[Extracted material Boundary: Start]
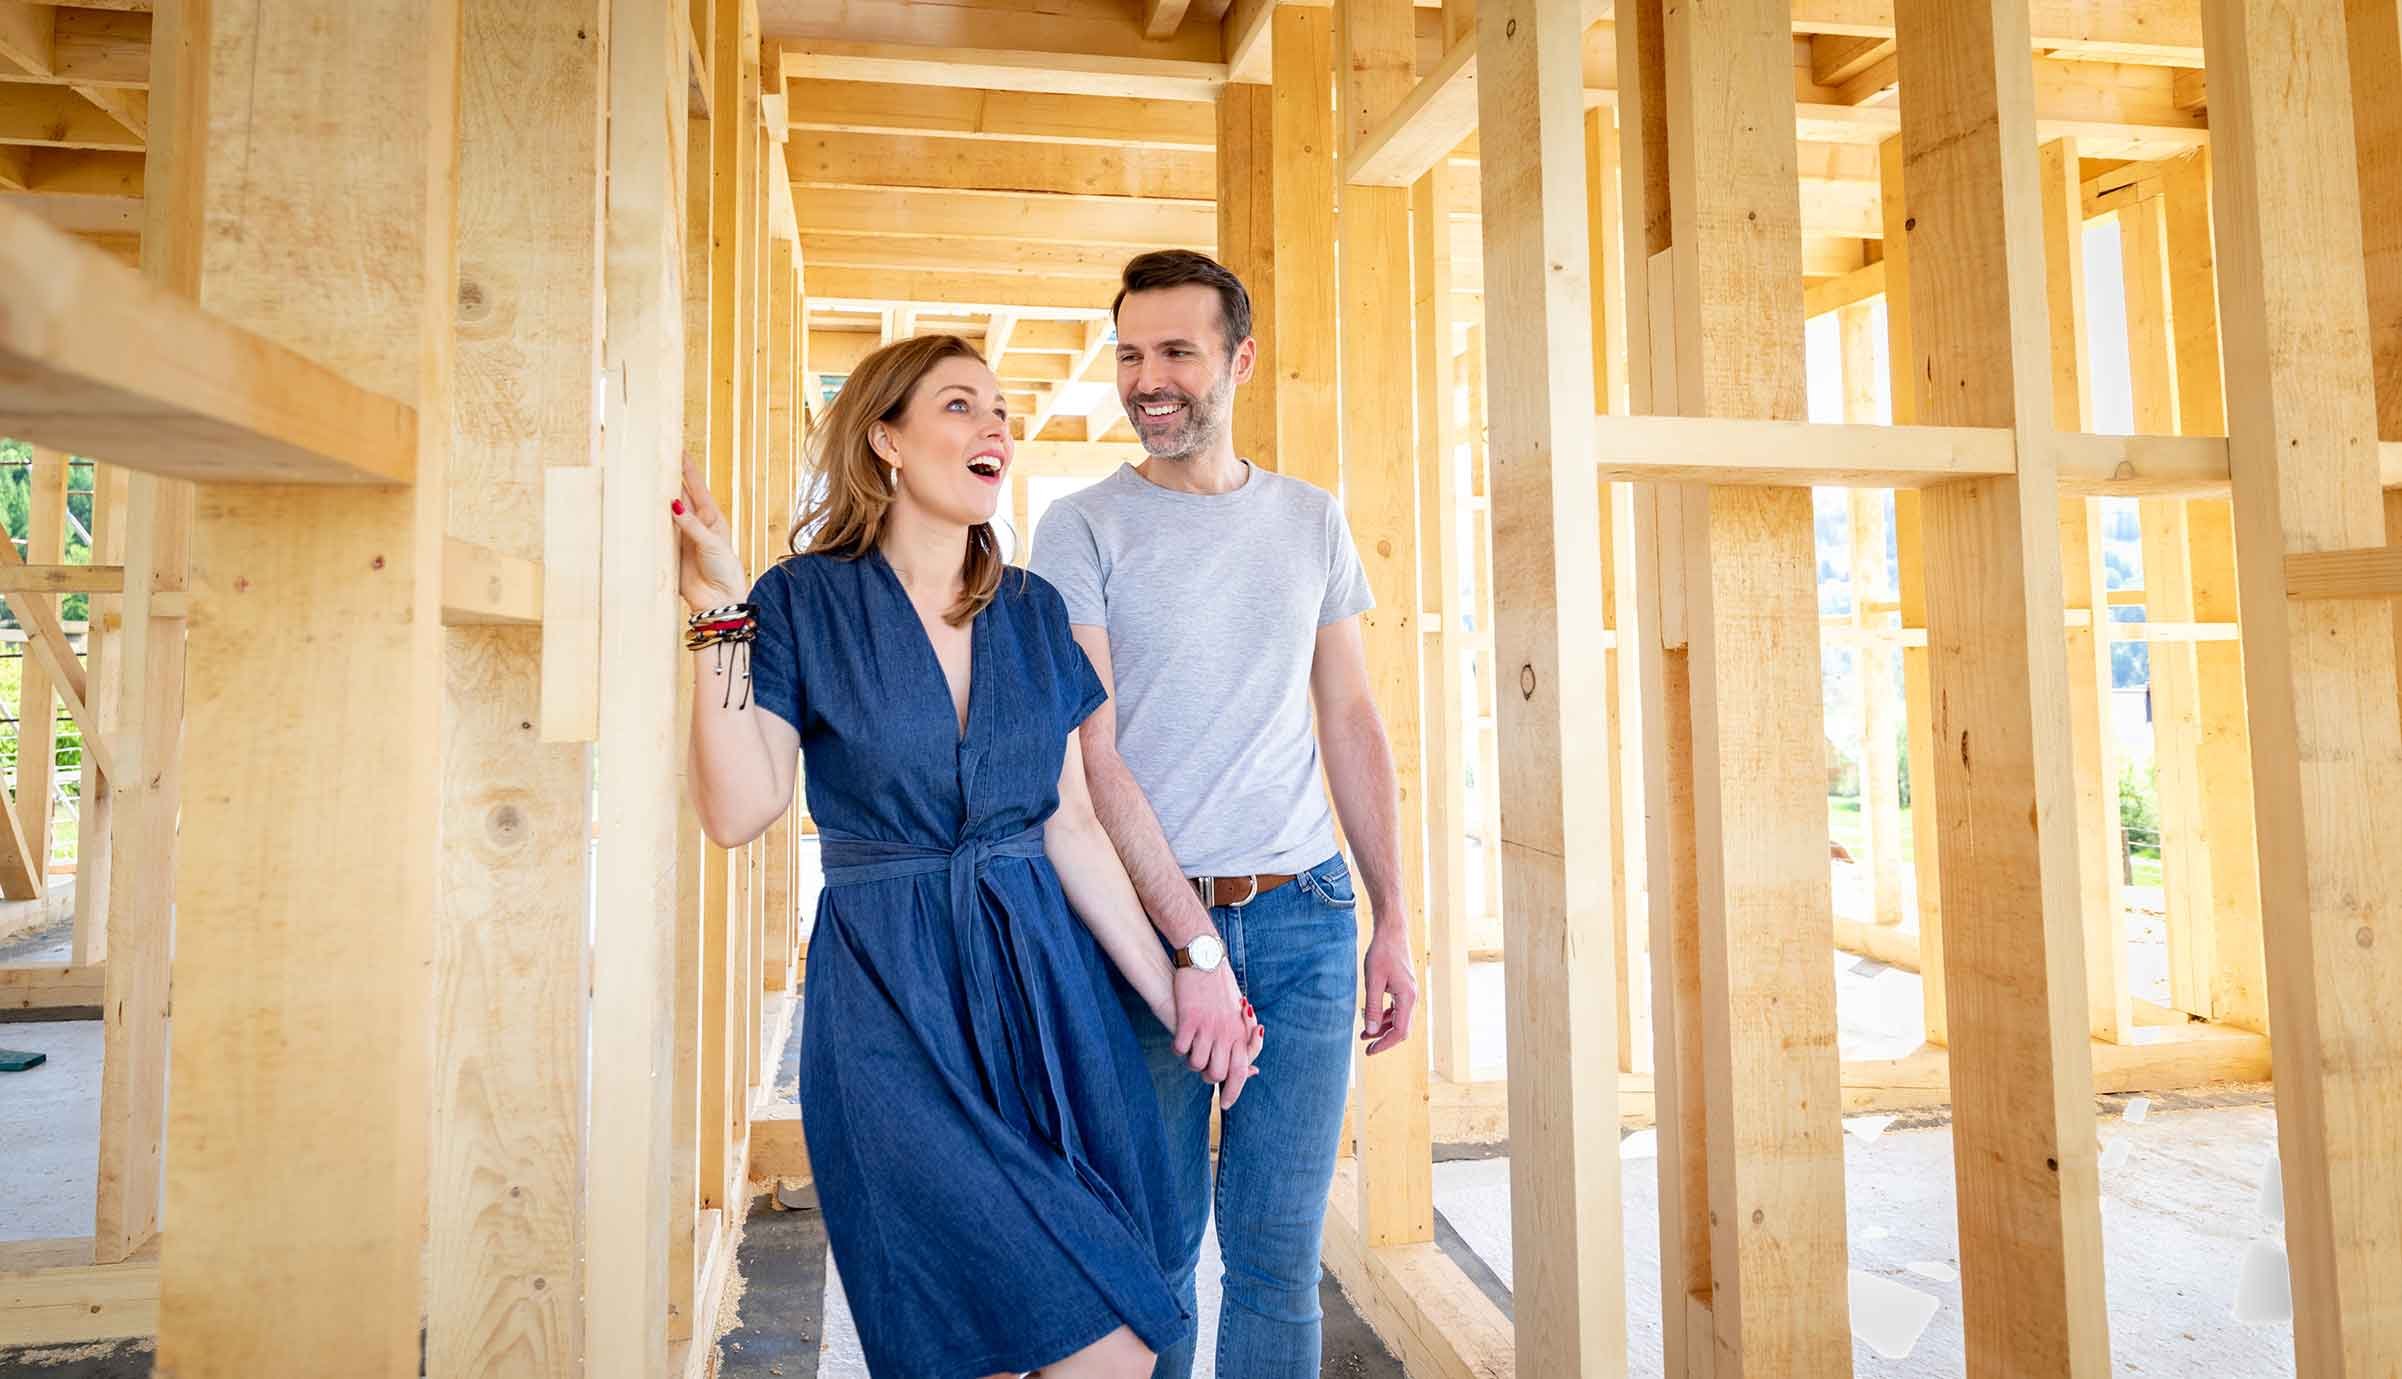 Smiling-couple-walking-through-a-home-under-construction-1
[Extracted material Boundary: End]
[Extracted material Boundary: Start]
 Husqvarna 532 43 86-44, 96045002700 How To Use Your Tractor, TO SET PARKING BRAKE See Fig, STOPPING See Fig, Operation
[Extracted material Boundary: End]
[Extracted material Boundary: Start]
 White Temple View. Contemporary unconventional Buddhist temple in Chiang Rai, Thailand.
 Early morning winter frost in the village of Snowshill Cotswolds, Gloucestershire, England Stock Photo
[Extracted material Boundary: End]
Take the line above containing "White Temple View.", the line containing "Early morning winter", and all lines in between, and copy them exactly without anything else.

 White Temple View. Contemporary unconventional Buddhist temple in Chiang Rai, Thailand.
 Early morning winter frost in the village of Snowshill Cotswolds, Gloucestershire, England Stock Photo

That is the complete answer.